Only the state government or PSUs or tribal groups can mine in this region. This limits the availability of bauxite unless the government initiates the process of mining to feed the industry. Nalco is the only company in India which has a favourable position among the people and is “allowed” to mine bauxite amid concerns of exploitation and pollution.

The Way Out

The solution lies in splitting Nalco into two entities, one for bauxite mining and the other for alumina refinery and aluminium smelter. This will be along the lines of Coal India and National Thermal Power Corporation (NTPC) and private power plants, and National Mineral Development Corporation (NMDC) and Rashtriya Ispat Nigam Limited (RINL) as well as private steel plants. Coal India and NMDC have been successful in supplying raw materials to both public sector and private sector steel, power, aluminium and cement plants.

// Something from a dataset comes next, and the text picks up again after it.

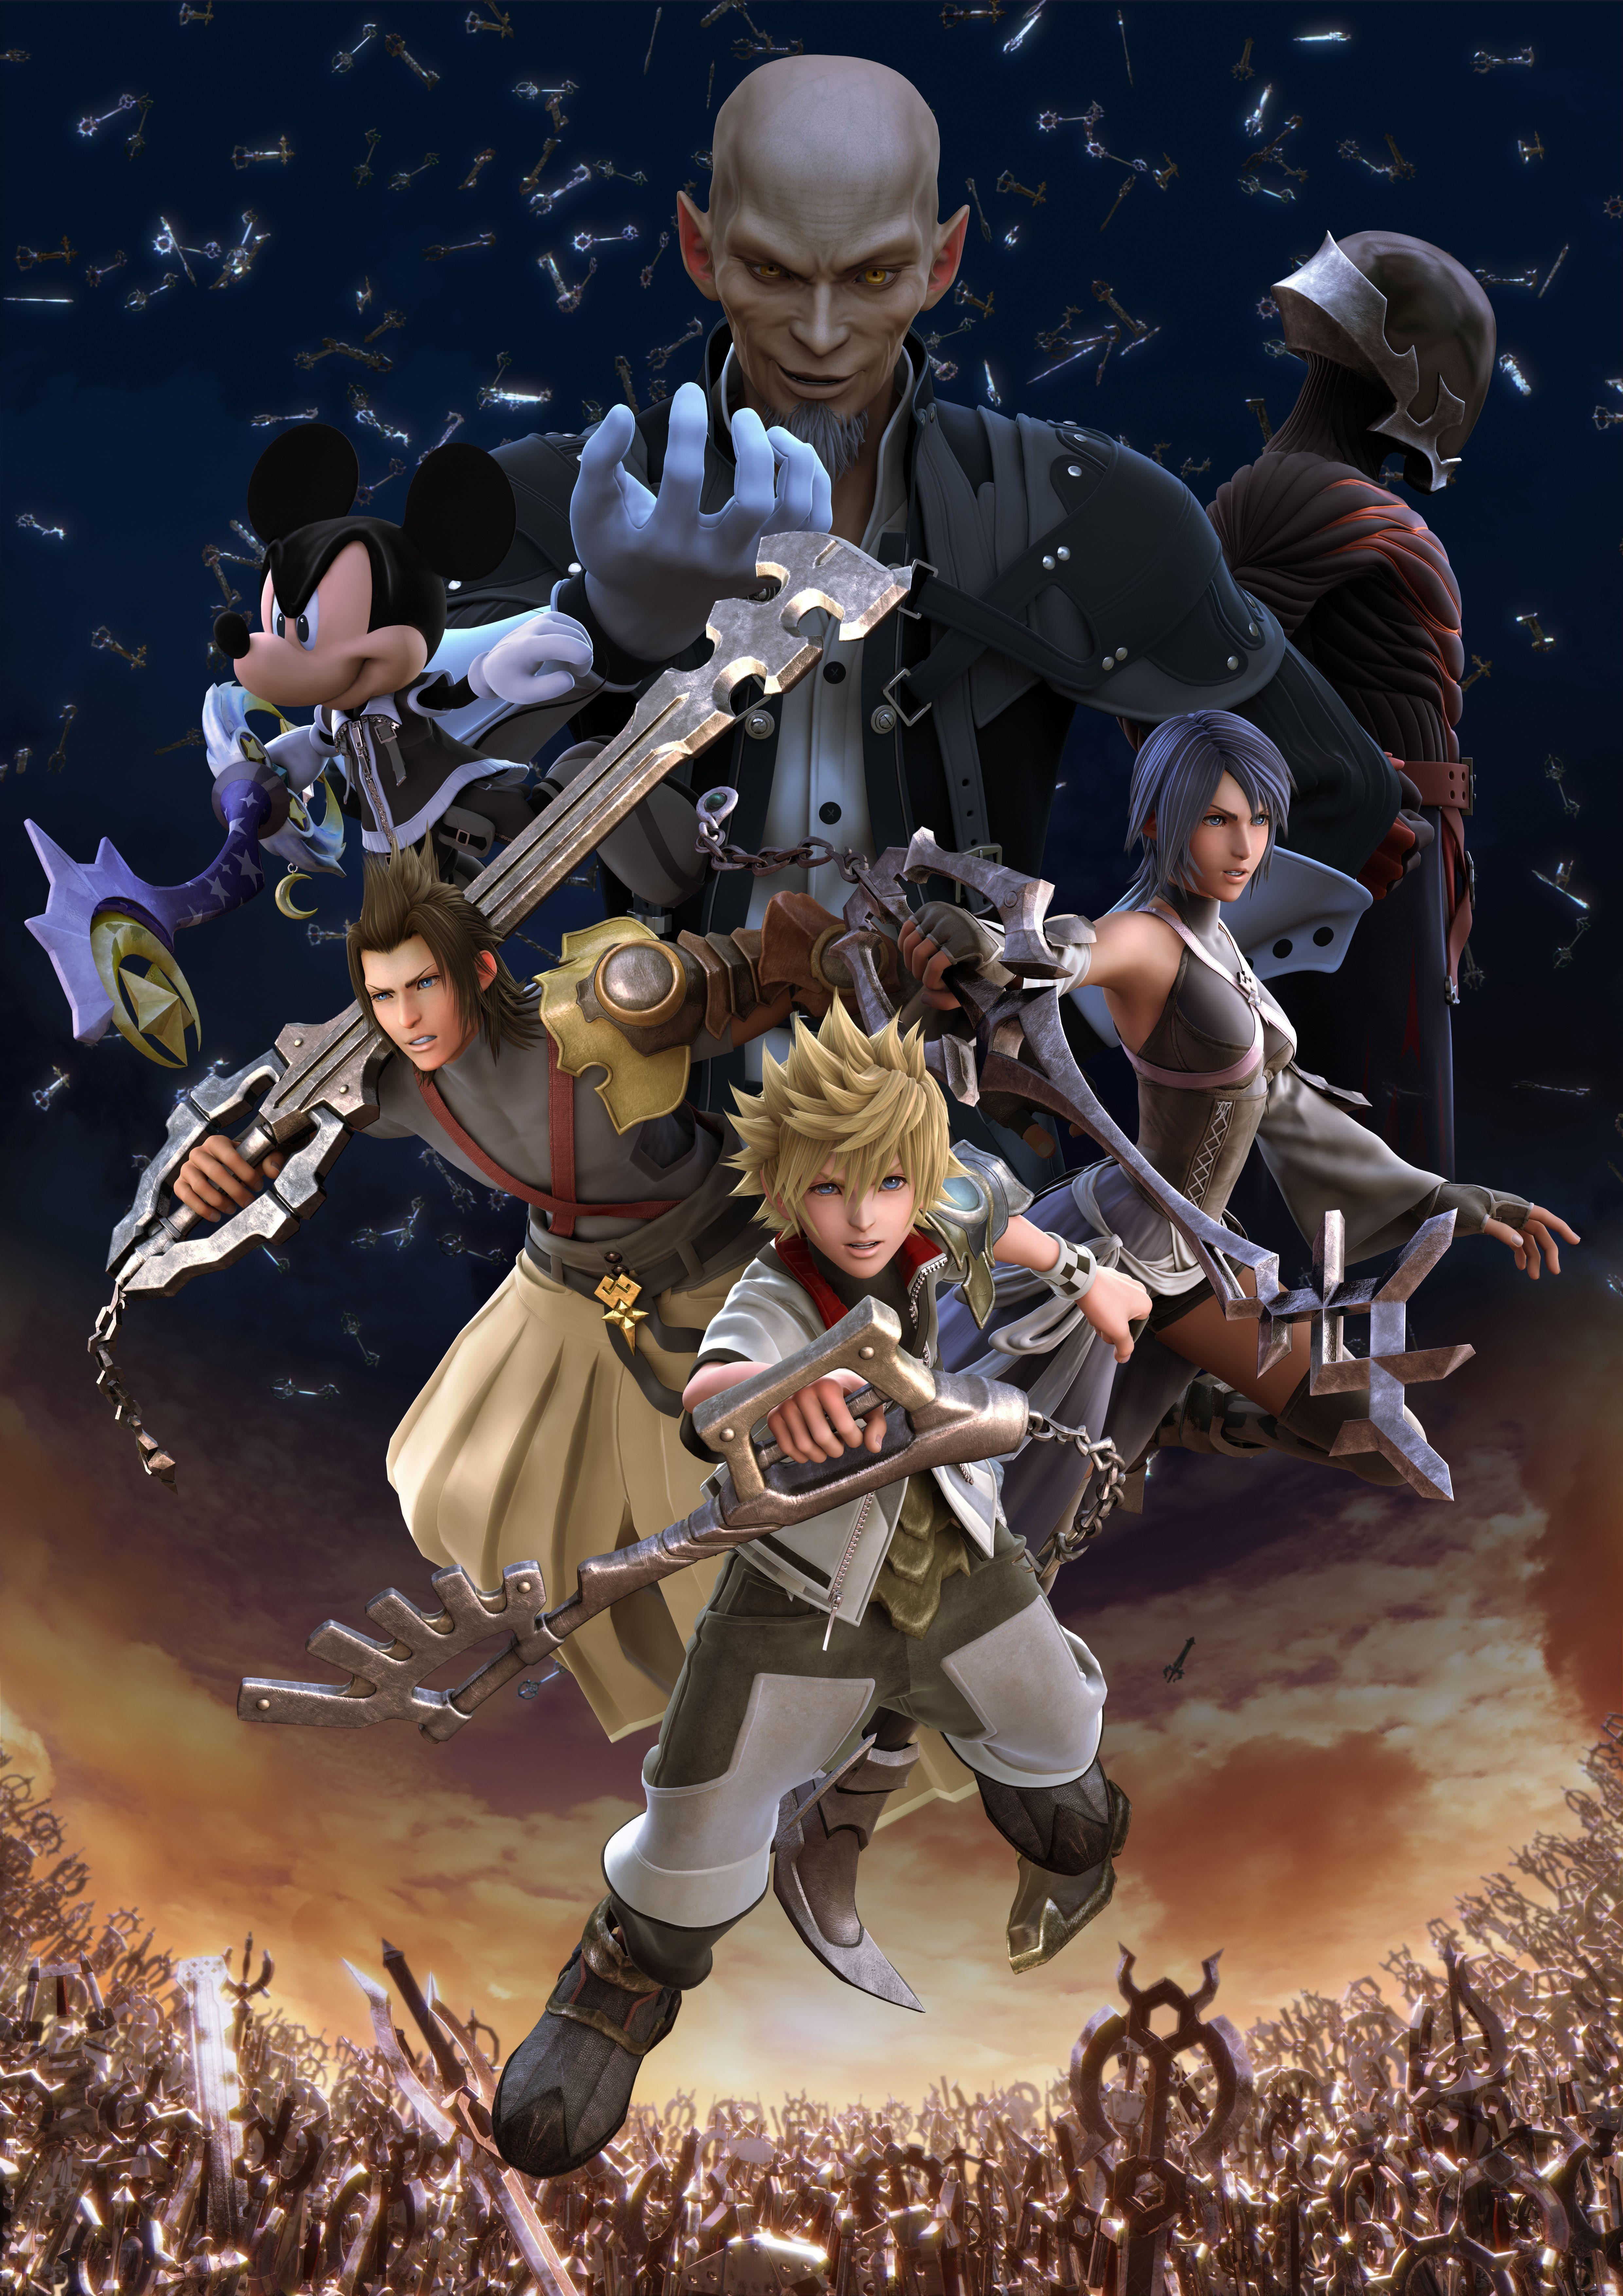 Kingdom Hearts Birth By Sleep Wallpapers Top Free Kingdom Hearts Birth By Sleep Backgrounds Wallpaperaccess

Nalco (the mining arm) through its expertise will be able to mine bauxite in remote regions profitably and transfer it through a slurry pipeline outside the ecologically sensitive region for processing into aluminium. It will be able to mine responsibly without destroying the livelihood of the indigenous tribal people.

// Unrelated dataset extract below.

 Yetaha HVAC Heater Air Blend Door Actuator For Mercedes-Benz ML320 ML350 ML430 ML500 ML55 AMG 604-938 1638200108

Nalco, through large-scale mining, can achieve economies of scale, thus negating the need for import. The slurry pipeline will be a safer way to transport bauxite through ecologically sensitive regions. The world’s longest slurry pipeline in Brazil is 529 kilometres and India’s slurry pipeline of 267 km. Most pipelines transport iron ore except for the 244-km pipeline that transfers bauxite in Brazil.

Nalco (processing arm) will process bauxite into aluminium and value-added products. The processing entity should act fast and increase the capacity of aluminium to meet demand. A focussed plan is required to expand the capacity in phases. The return will then depend on prudent capital allocation and maximum value addition of aluminium.

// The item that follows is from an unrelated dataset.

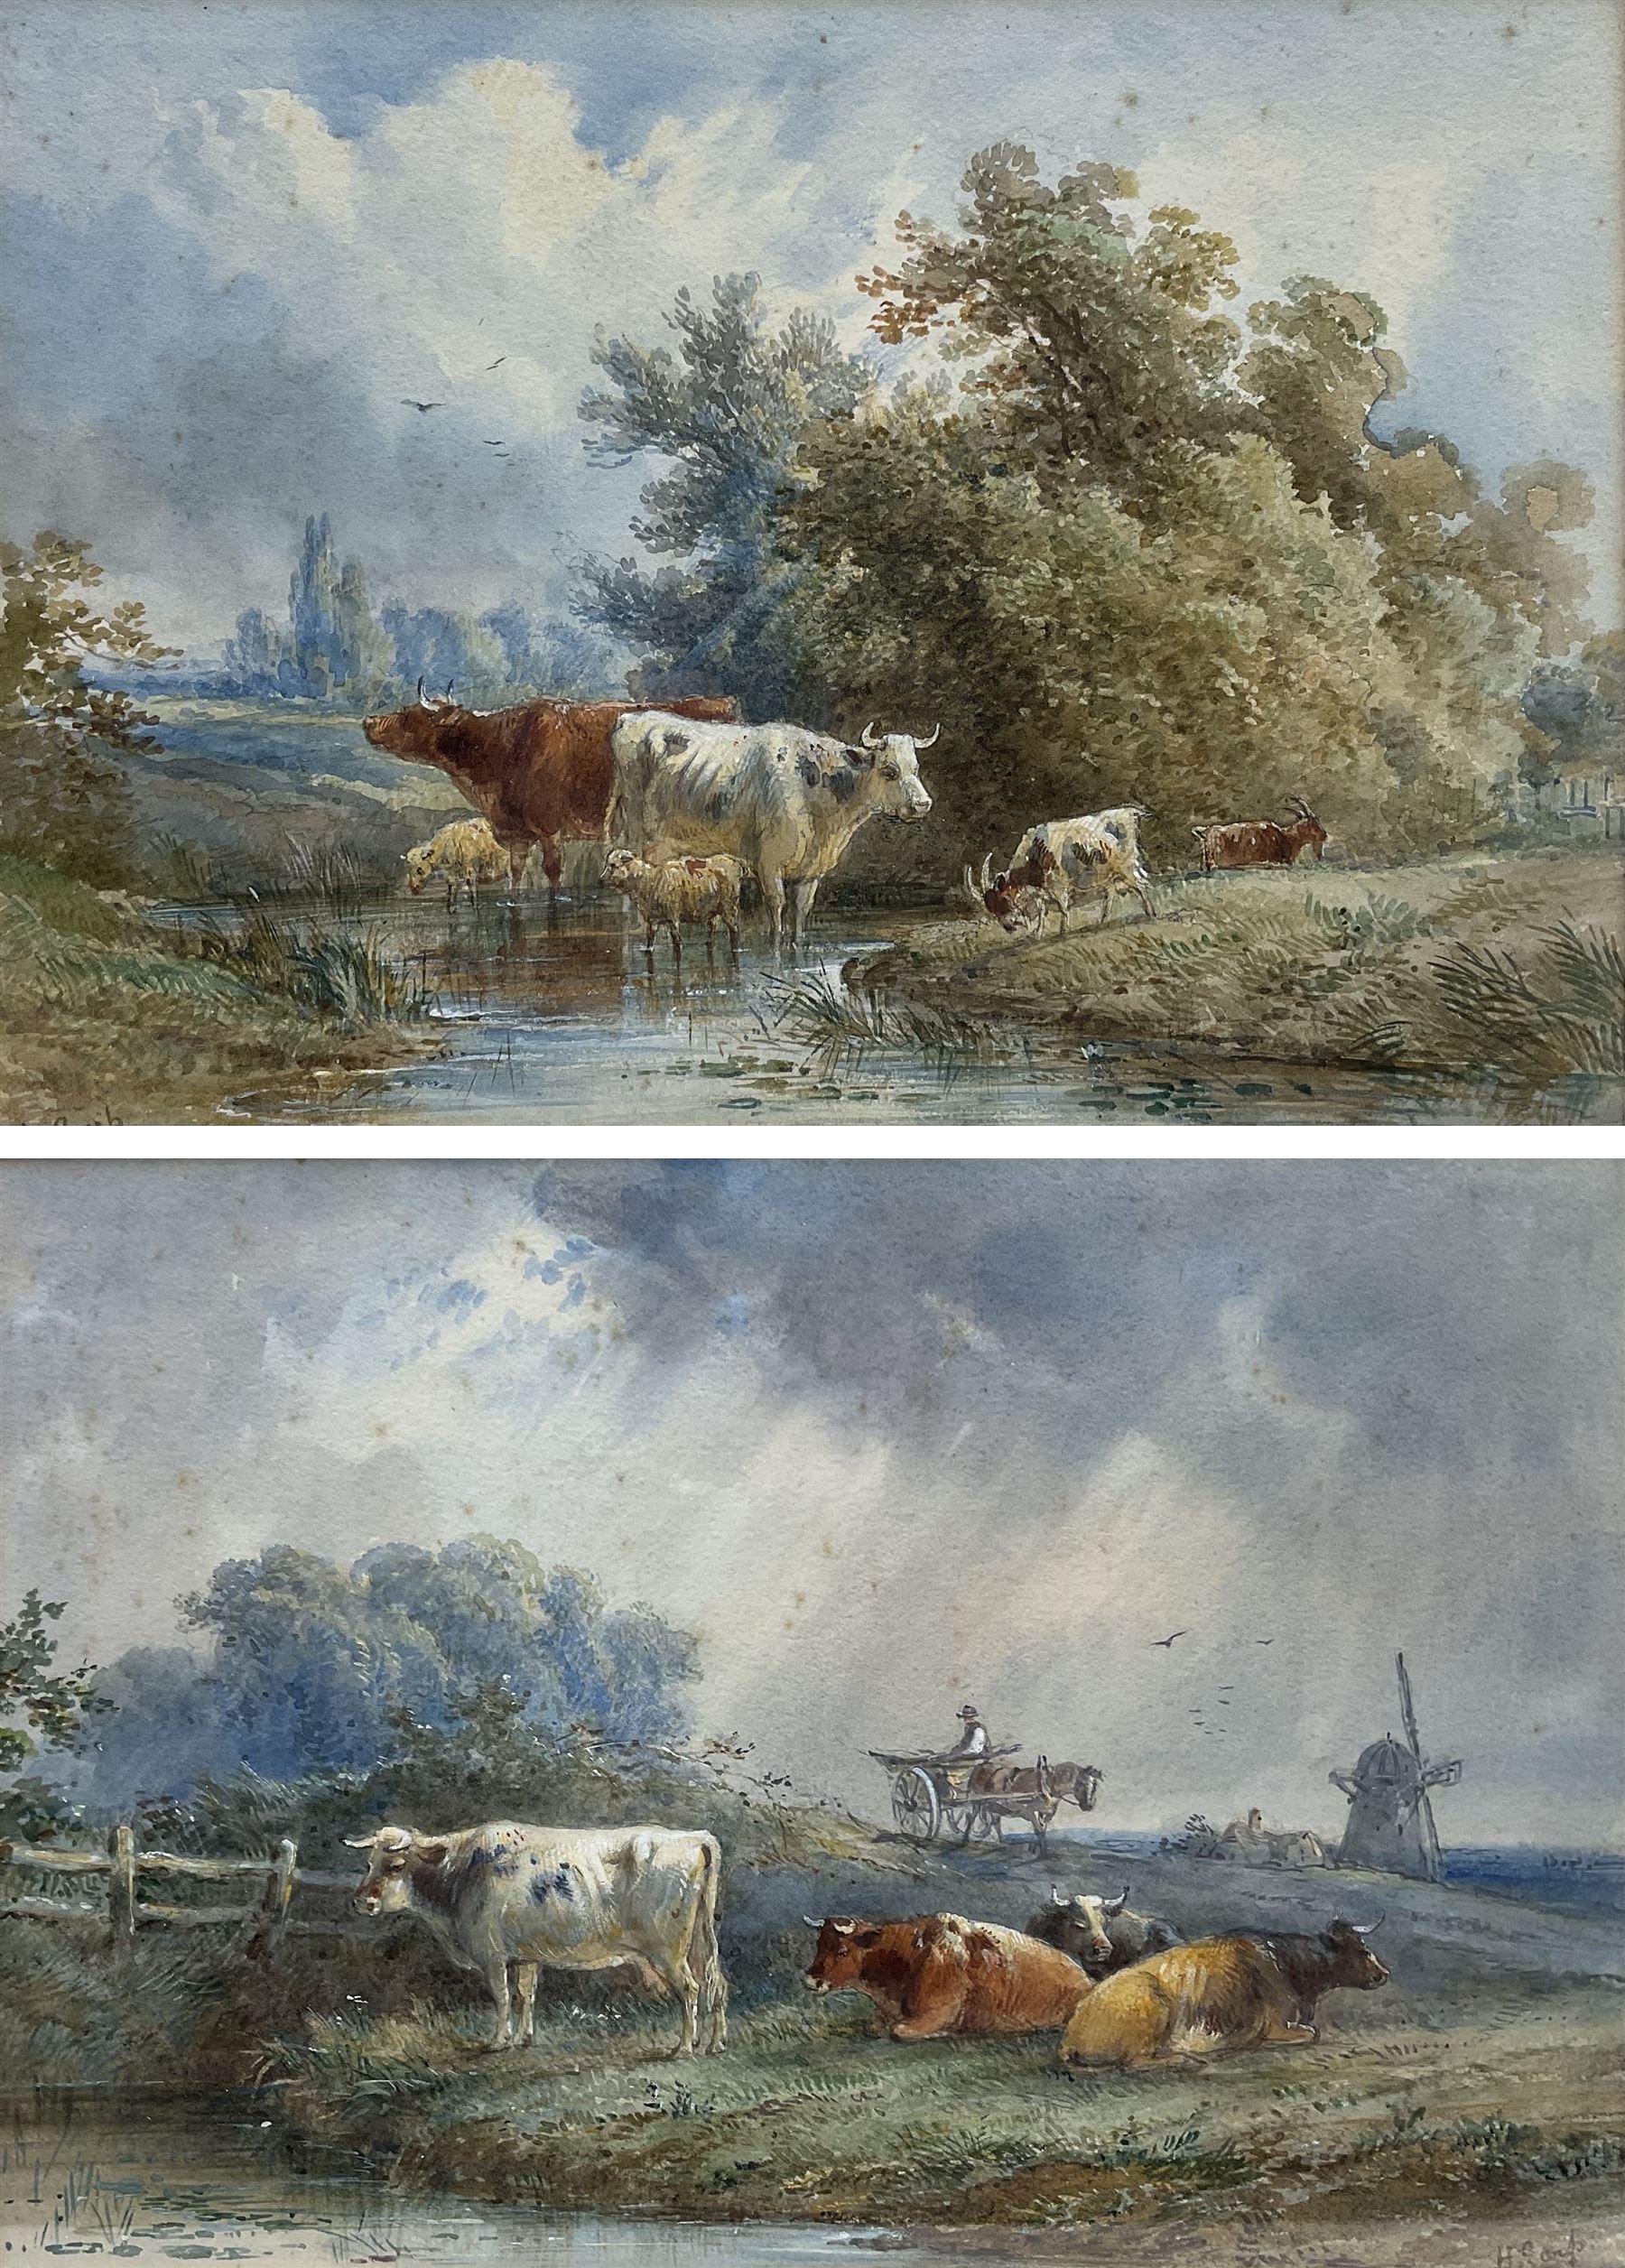 Henry Earp (British 1831-1914): Cattle Watering

It is highly unreasonable to expect investment in both entities at the same time. The privatisation of Balco and Hindustan Zinc Limited (HZL) provides a realistic solution to raise capital. Nalco can divest majority shareholding of 51 per cent (similar to Balco) of its processing arm to bring in capital for the opening of new bauxite mines. The private sector can then be relied upon to enhance the capacity of Nalco processing plants with the assured availability of bauxite from Nalco (mining arm) to meet the upcoming demand.

It is a win-win for everyone. Nalco will be able to expand mining and processing capacity, while the private sector will have an assured supply of bauxite to expand capacity, while import of raw material/finished products can be reduced to nil. Also, economies of scale will lead to export potential of finished products, while tribal rights will not be tampered with, and ecologically-sensitive regions will be preserved by sensible mining.

As a result, jobs will be created in mining, processing, logistics and manufacturing industries, while the market value of the government stake in Nalco along with dividend realisation will increase. Increased job creation, higher value products, decreasing imports, higher export of finished products and lower fiscal/trade deficit will then propel the economy.